/tutorials-data-science-basics

Linear Regression, Logistic Regression, Gradient Descent, Principal Component Analysis

Primary LanguageJupyter Notebook

Tutorials Data Science Basics

Melissa K (Oct 2016)

The following tutorials are a step-by-step practical implementation of mathematical concepts that are at the very basis of machine learning. I believe that mastering linear least squares, simple gradient descent and singular value decomposition somewhat by hand is crucial to understanding more advanced machine learning concepts, including Deep Learning.

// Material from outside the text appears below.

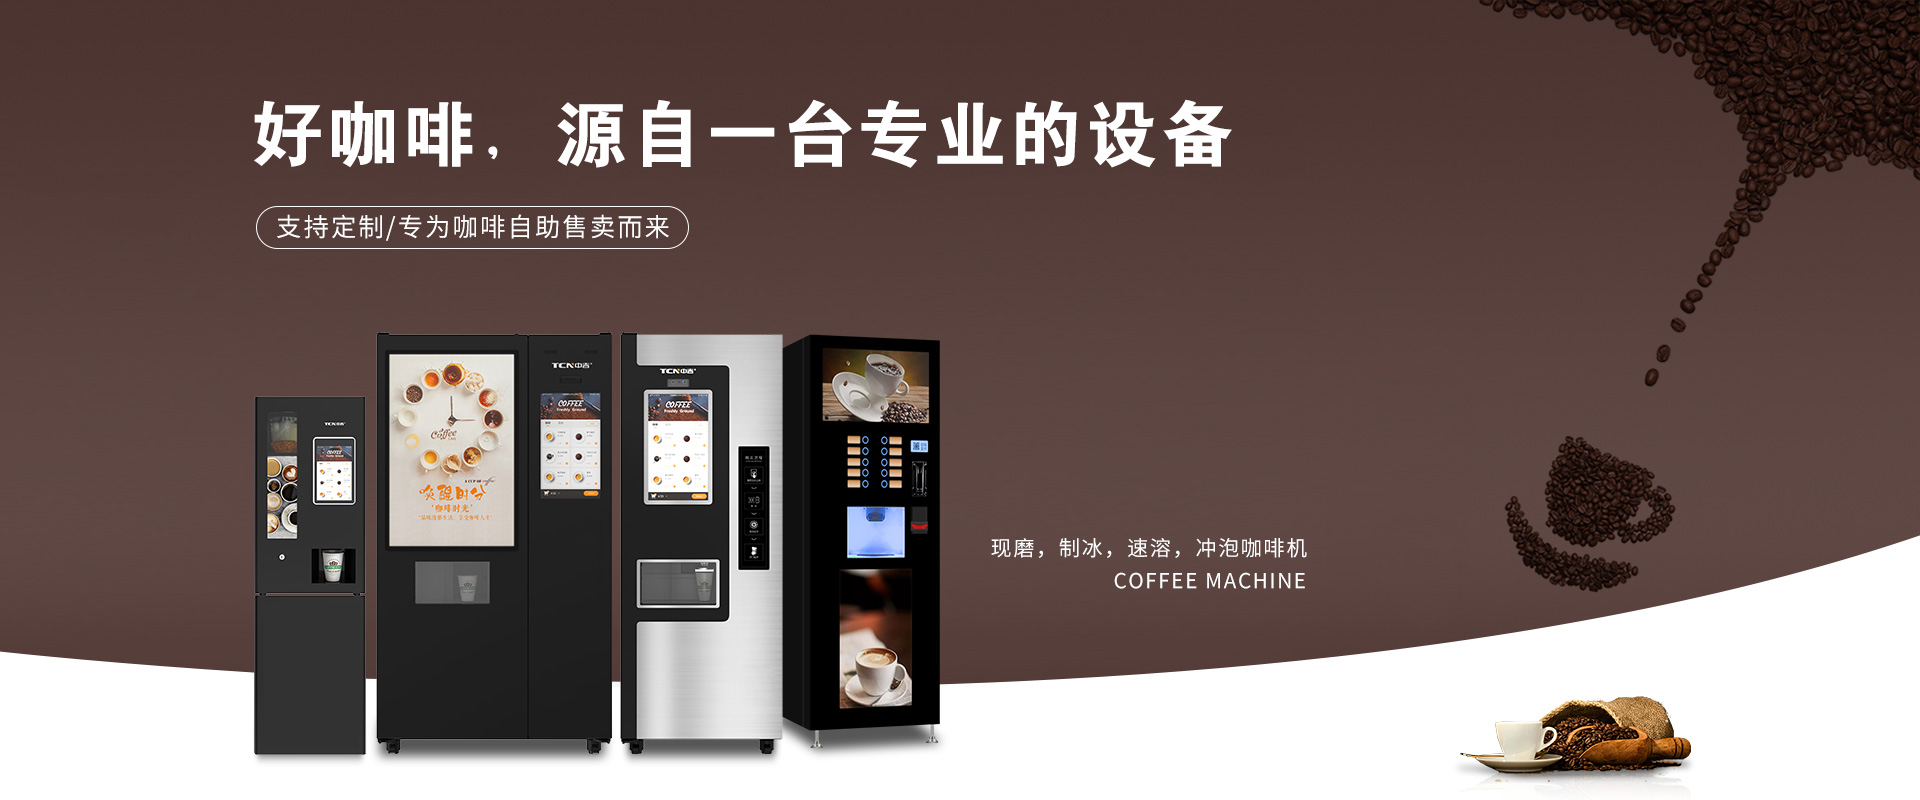 千亿市场，中华购彩网welcome现磨制冰咖啡机，致富正其时~

  • The primary focus here is on practicality (Do it in Python) rather than deriving mathematical equations (there are tons of great tutorials out there that cover that part in detail).

  • The secondary focus is on connecting the dots between basic mathematical concepts - for example you can fit a plane to a data cloud using either least squares method or singular value decomposition...you will learn the difference and implications.

  • Finally, the solutions derived by hand will be compared to sklearn.

Table of content
  1. Linear Regression Models - Least Squares Method

    Covering various multiple linear regression cases (e.g. continuous vs. mixed type features/independent variables to predict a continuous target/dependent variable using a closed-form solution)

  2. Binomial Logistic Regression - Gradient Descent Optimization

    Covering simple gradient descent optimization as iterative method to predict a binary target/dependent variable.

  3. Principal Component Analysis (PCA)

    Introducing Principal Component Analysis (PCA) using singular value decomposition to fit a plane to a data cloud in 3D.